**Records from a dataset:**
:::::

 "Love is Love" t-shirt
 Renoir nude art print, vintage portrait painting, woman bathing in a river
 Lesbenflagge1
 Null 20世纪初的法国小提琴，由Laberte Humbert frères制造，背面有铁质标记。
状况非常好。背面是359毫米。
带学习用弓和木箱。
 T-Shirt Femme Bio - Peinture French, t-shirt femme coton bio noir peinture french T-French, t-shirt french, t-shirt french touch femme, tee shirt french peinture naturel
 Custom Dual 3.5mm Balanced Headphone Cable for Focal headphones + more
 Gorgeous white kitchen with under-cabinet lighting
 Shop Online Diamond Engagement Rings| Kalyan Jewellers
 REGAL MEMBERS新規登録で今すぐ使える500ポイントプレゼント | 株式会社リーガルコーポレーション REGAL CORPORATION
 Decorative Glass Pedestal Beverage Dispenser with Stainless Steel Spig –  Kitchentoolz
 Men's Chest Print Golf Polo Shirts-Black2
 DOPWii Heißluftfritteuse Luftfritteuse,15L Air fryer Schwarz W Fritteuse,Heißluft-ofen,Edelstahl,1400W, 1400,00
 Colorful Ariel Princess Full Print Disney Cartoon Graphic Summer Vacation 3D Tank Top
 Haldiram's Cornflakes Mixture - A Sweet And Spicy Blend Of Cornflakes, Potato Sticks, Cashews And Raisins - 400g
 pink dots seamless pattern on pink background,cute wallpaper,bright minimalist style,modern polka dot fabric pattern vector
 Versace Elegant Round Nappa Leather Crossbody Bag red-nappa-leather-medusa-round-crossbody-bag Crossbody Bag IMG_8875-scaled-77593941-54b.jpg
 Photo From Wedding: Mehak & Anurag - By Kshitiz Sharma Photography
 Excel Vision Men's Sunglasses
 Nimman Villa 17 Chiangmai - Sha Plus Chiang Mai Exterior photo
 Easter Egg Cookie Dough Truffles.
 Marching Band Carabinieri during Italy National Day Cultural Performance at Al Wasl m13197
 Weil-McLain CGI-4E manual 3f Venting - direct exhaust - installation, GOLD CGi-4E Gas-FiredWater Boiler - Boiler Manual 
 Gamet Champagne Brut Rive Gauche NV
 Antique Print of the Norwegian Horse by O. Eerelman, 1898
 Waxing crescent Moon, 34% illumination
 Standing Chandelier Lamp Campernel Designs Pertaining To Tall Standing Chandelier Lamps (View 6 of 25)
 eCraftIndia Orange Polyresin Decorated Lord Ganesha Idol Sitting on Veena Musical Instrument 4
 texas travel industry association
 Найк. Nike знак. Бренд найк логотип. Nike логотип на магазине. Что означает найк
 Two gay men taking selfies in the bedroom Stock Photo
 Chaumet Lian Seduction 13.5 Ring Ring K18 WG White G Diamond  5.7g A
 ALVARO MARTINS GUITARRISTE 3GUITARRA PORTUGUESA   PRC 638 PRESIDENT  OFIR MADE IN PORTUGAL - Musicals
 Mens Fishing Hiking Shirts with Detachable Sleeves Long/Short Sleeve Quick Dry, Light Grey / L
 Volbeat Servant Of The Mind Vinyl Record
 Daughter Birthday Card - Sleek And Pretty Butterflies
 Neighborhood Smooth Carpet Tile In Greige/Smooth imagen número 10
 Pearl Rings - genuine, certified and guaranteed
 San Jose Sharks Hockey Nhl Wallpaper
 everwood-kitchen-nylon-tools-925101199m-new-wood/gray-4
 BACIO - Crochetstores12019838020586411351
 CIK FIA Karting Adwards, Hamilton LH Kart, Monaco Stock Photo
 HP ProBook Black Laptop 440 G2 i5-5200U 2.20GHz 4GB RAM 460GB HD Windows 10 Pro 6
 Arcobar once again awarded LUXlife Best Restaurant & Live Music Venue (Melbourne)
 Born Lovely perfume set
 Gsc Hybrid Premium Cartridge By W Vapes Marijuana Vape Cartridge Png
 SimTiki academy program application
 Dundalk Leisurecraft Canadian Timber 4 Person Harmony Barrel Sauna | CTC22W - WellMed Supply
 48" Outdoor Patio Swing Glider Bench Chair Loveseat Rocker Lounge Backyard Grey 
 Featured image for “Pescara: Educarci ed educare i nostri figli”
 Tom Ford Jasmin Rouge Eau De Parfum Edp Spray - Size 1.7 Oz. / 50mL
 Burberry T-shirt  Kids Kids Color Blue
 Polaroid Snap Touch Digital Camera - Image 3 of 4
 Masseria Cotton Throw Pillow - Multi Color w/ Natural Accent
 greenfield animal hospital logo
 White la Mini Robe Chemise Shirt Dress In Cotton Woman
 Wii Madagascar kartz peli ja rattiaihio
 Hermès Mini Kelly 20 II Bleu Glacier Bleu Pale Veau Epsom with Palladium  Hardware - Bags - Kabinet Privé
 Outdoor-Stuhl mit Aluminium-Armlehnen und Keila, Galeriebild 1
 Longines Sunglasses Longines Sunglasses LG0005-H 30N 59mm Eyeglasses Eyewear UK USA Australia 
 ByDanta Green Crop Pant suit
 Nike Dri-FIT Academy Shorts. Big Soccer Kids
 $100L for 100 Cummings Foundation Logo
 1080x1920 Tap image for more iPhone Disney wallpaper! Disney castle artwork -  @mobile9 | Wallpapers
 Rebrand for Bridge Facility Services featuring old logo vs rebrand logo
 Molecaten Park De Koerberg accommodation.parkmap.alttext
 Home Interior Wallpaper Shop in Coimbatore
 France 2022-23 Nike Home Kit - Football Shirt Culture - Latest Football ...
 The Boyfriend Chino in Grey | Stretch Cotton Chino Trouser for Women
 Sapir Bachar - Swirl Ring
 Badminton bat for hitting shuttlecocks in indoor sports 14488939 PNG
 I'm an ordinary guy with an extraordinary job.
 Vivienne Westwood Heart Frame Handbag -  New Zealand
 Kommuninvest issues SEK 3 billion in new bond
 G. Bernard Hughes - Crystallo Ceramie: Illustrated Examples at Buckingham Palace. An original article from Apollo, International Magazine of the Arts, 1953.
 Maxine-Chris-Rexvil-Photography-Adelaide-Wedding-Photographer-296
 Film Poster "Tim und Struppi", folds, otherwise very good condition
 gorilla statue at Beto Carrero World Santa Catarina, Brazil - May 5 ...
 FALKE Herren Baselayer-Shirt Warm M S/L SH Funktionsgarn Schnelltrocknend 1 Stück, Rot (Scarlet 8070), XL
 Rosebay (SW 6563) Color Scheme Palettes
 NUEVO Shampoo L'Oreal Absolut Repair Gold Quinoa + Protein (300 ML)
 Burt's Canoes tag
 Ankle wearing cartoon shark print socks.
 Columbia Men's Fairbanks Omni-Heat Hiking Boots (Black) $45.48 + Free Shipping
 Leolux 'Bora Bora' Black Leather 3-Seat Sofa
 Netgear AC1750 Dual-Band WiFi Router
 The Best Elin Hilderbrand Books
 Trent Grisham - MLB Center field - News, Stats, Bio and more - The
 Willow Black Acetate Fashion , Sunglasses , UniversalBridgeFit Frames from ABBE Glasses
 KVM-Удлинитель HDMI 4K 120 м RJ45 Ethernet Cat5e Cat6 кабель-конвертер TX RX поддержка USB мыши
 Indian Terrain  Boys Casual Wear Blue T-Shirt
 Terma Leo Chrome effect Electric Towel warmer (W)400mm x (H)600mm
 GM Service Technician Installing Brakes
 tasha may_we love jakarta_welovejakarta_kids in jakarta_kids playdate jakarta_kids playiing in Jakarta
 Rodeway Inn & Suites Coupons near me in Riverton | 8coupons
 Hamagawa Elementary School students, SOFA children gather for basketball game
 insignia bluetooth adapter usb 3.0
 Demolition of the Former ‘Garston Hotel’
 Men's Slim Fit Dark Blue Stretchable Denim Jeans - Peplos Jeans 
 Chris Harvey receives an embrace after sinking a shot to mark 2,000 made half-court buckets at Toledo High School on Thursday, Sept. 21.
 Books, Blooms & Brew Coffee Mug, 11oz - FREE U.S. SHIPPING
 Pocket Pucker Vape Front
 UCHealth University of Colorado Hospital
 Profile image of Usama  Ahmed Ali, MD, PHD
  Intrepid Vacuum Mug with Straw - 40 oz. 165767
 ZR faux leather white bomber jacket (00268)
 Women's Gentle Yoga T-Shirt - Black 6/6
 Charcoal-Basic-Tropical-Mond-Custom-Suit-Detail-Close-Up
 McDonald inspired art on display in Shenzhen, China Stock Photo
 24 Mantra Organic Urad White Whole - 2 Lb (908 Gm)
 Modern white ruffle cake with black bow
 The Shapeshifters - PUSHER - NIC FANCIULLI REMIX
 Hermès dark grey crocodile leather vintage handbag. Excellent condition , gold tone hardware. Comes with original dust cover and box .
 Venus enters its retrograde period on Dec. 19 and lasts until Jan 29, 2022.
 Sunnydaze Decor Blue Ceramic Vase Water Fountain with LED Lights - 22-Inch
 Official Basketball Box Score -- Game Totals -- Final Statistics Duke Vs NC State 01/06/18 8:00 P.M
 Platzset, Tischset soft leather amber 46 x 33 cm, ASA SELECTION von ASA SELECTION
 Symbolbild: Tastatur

:::::

**PROBLEM DETAILS:**
Show the lines of the records that include the string "more".

**SOLUTION TO THIS TASK:**
 Custom Dual 3.5mm Balanced Headphone Cable for Focal headphones + more
 1080x1920 Tap image for more iPhone Disney wallpaper! Disney castle artwork -  @mobile9 | Wallpapers
 Trent Grisham - MLB Center field - News, Stats, Bio and more - The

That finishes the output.